Batch Hop-Constrained s-t Simple Path Query Processing in Large Graphs
Long Yuan, Kongzhang Hao, Xuemin Lin, Wenjie Zhang
TL;DR
The paper tackles batch processing of hop-constrained $s$-$t$ simple path queries by introducing HC-s path queries and a two-phase approach to identify dominating substructures and share computations. The proposed BatchEnum framework extends the single-query PathEnum with a clustering-based domination detection and a topologically ordered, cache-enabled enumeration that reuses intermediate results. Empirical evaluations on real-world graphs with billions of edges demonstrate substantial speedups (up to 7.7x average, 6.4x typical) and strong scalability compared to baselines and some K-shortest-path methods. This work enables efficient, scalable batch HC-s-t path query processing, with practical implications for fraud detection, biological pathway analysis, and knowledge graph completion.
Abstract
Hop-constrained s-t simple path (HC-s-t path) enumeration is a fundamental problem in graph analysis. Existing solutions for this problem focus on optimizing the processing performance of a single query. However, in practice, it is more often that multiple HC-s-t path queries are issued simultaneously and processed as a batch.
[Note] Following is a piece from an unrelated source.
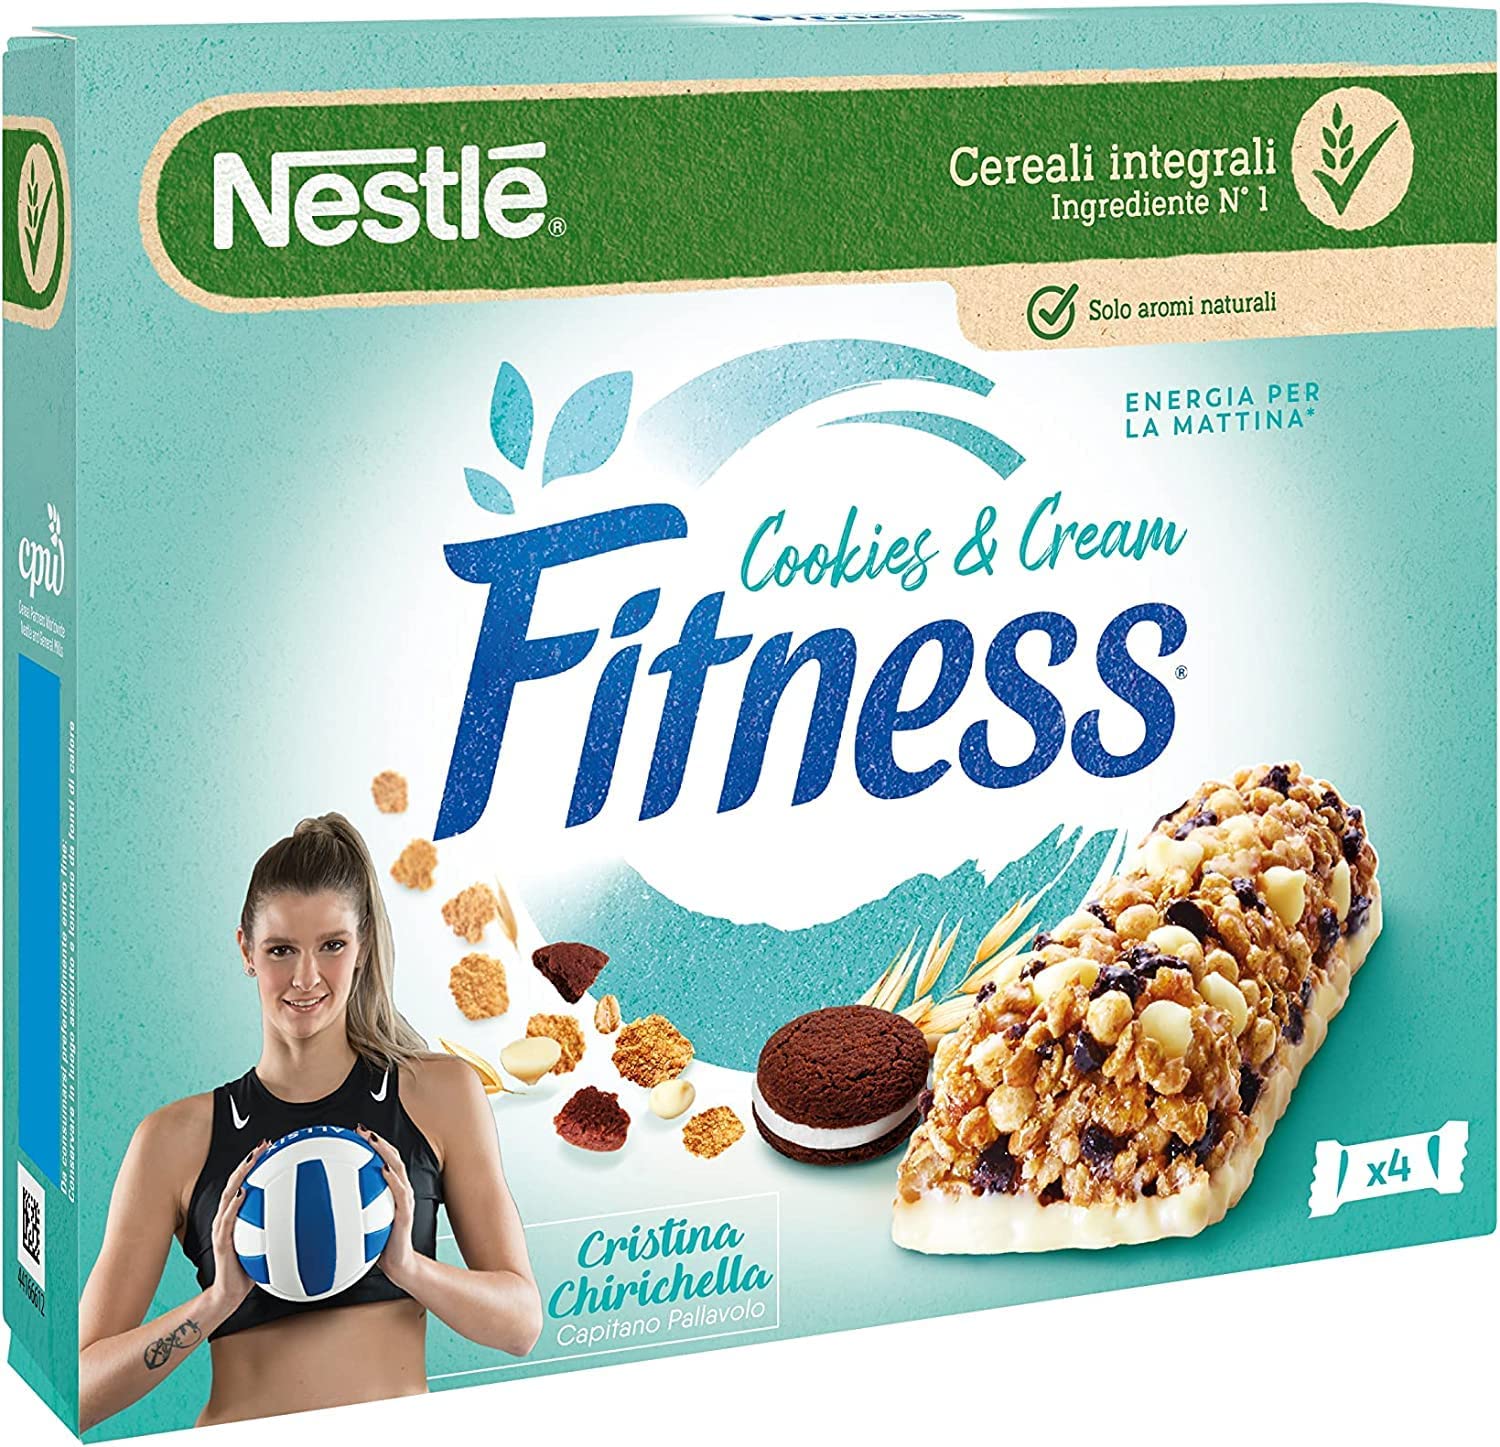 Nestle - Fitness Barrette Cookies and Cream al Cioccolato e Crema - Barretta con Frumento e Avena Integrale 94 g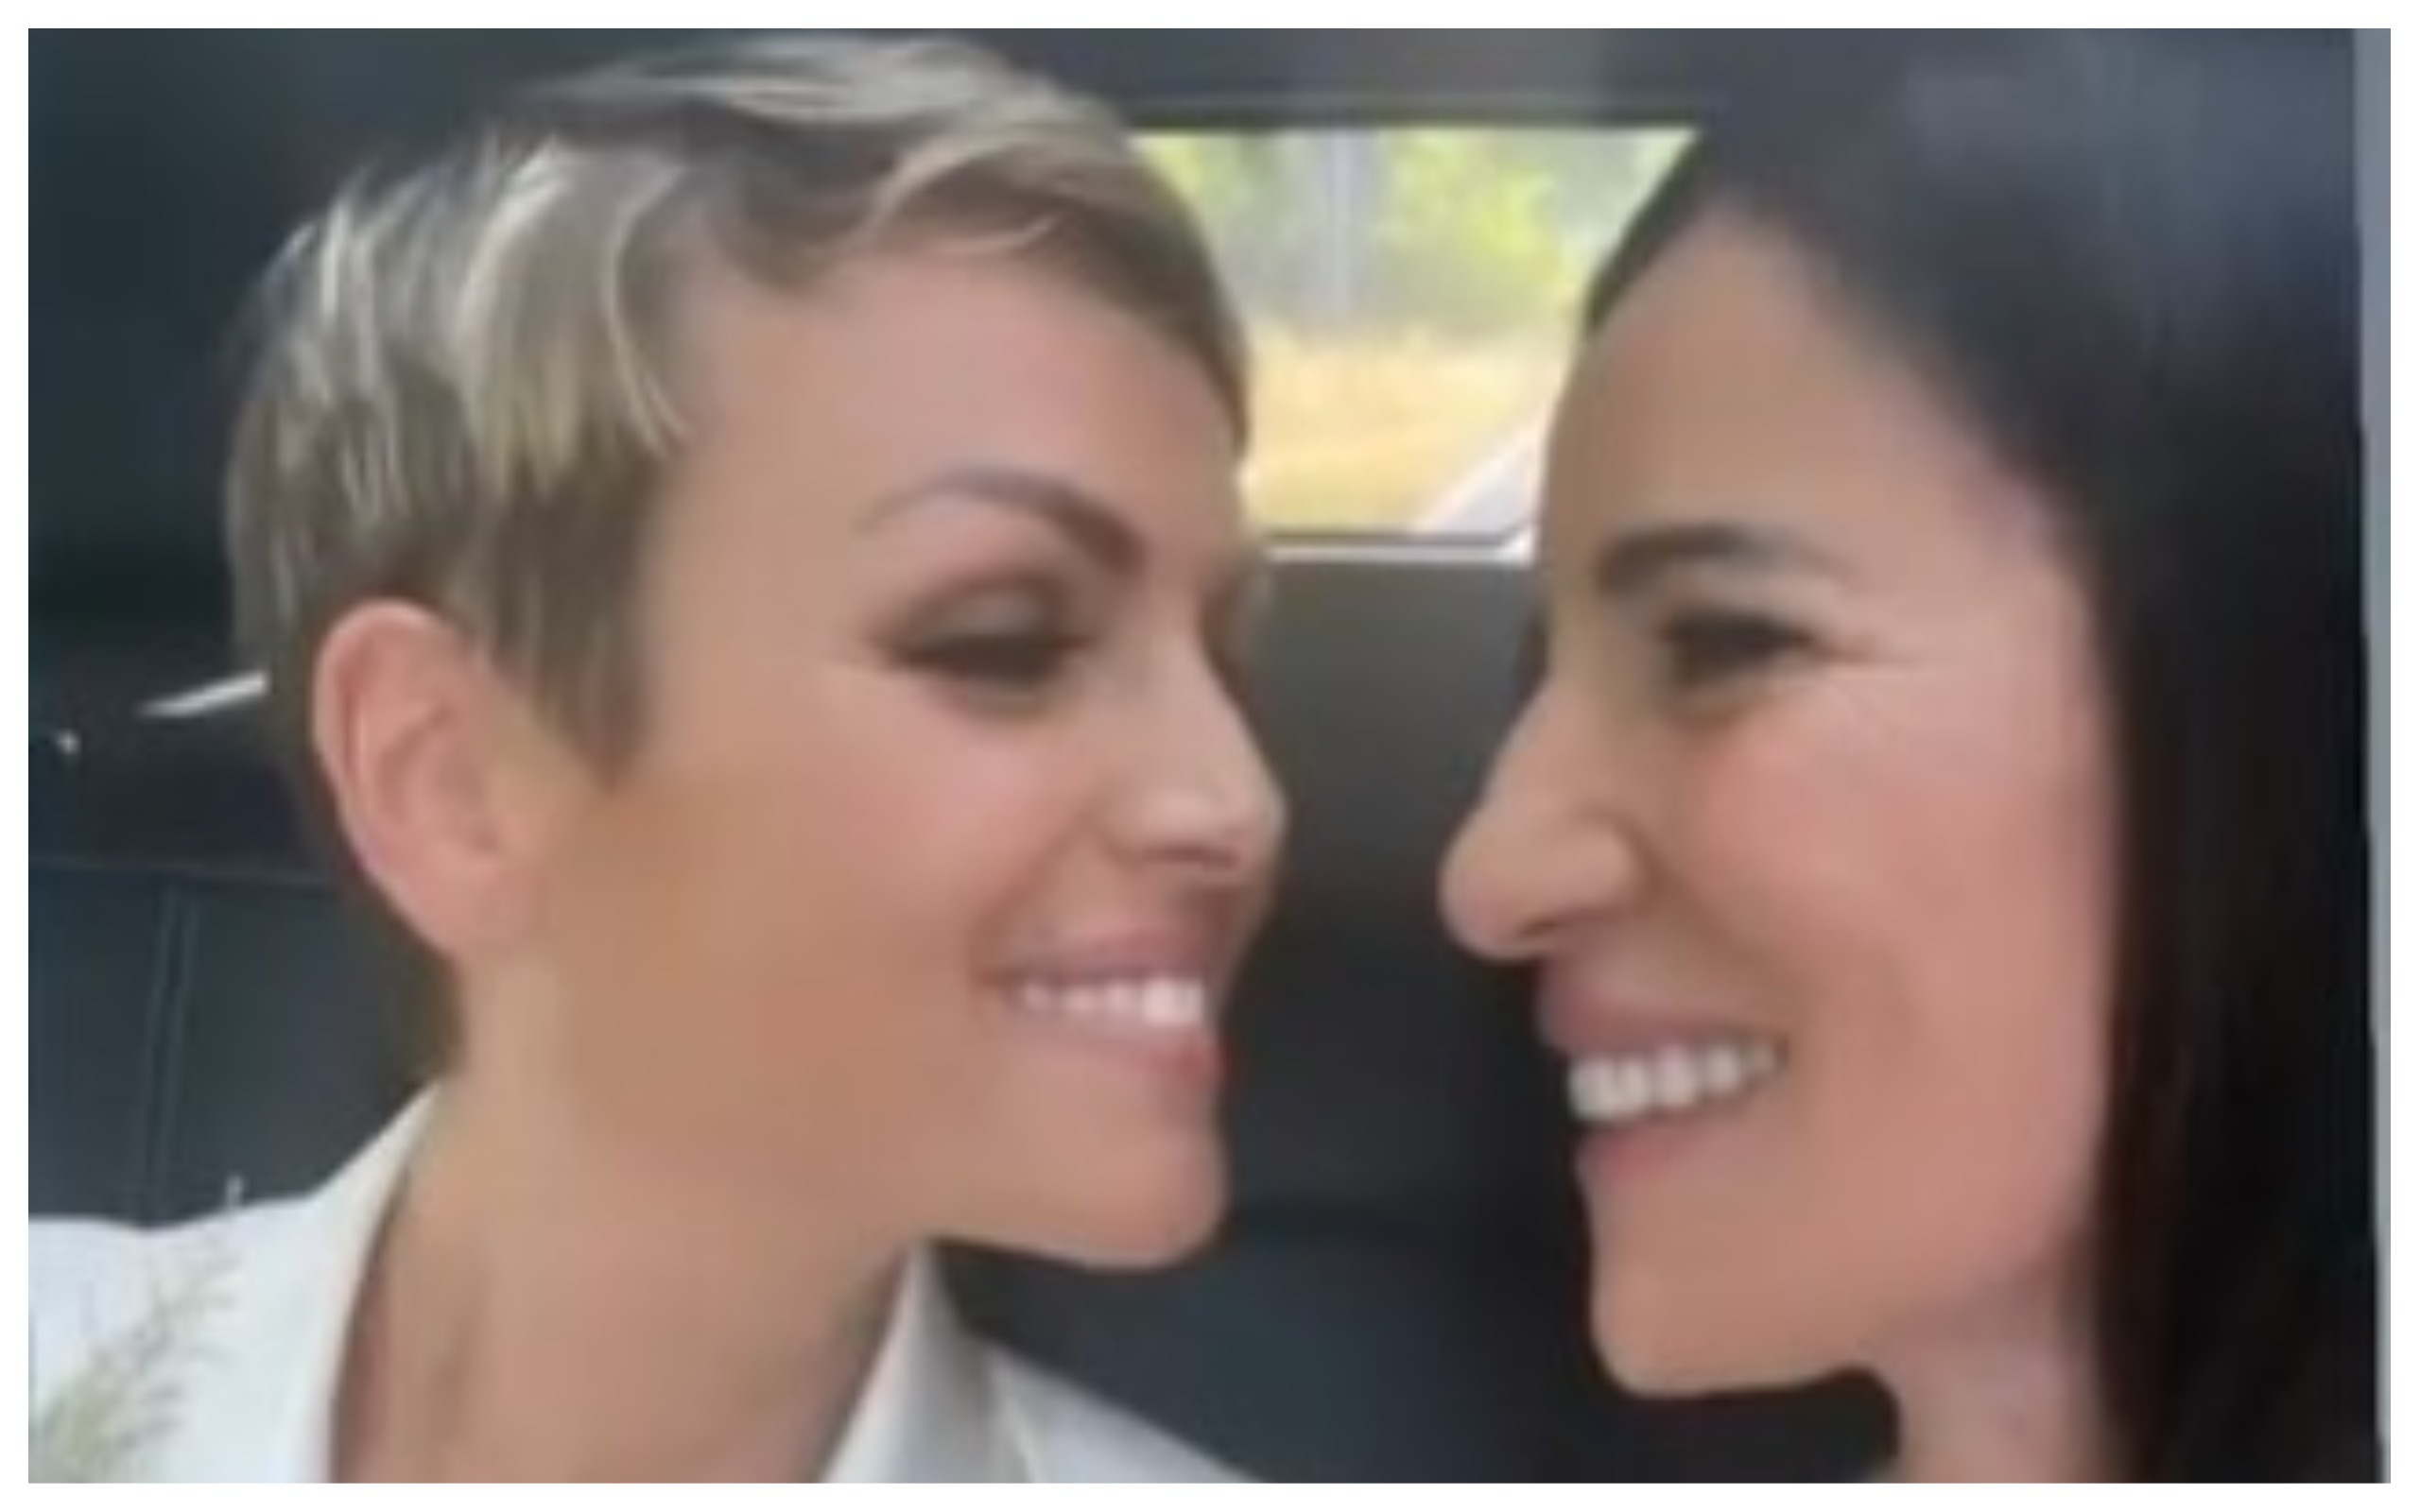 “Abbiamo detto sì”, Francesca Pascale e Paola Turci spose: la prima foto social

Therefore, we study the problem of batch HC-s-t path query processing in this paper and aim to compute the results of all queries concurrently and efficiently as a batch. To achieve this goal, we first propose the concept of HC-s path query which can precisely characterize the common computation among different queries.We then devise a two-phase HC-s path query detection algorithm to identify the common HC-s path queries for the given HC-s-t path queries. Based on the detected HC-s path queries, we further devise an efficient HC-s-t path enumeration algorithm in which the common computation represented by HC-s path queries are effectively shared. We conduct extensive experiments on real-world graphs and the experimental results demonstrate that our proposed algorithm is efficient and scalable regarding processing multiple HC-s-t path queries in large graphs at billion-scale.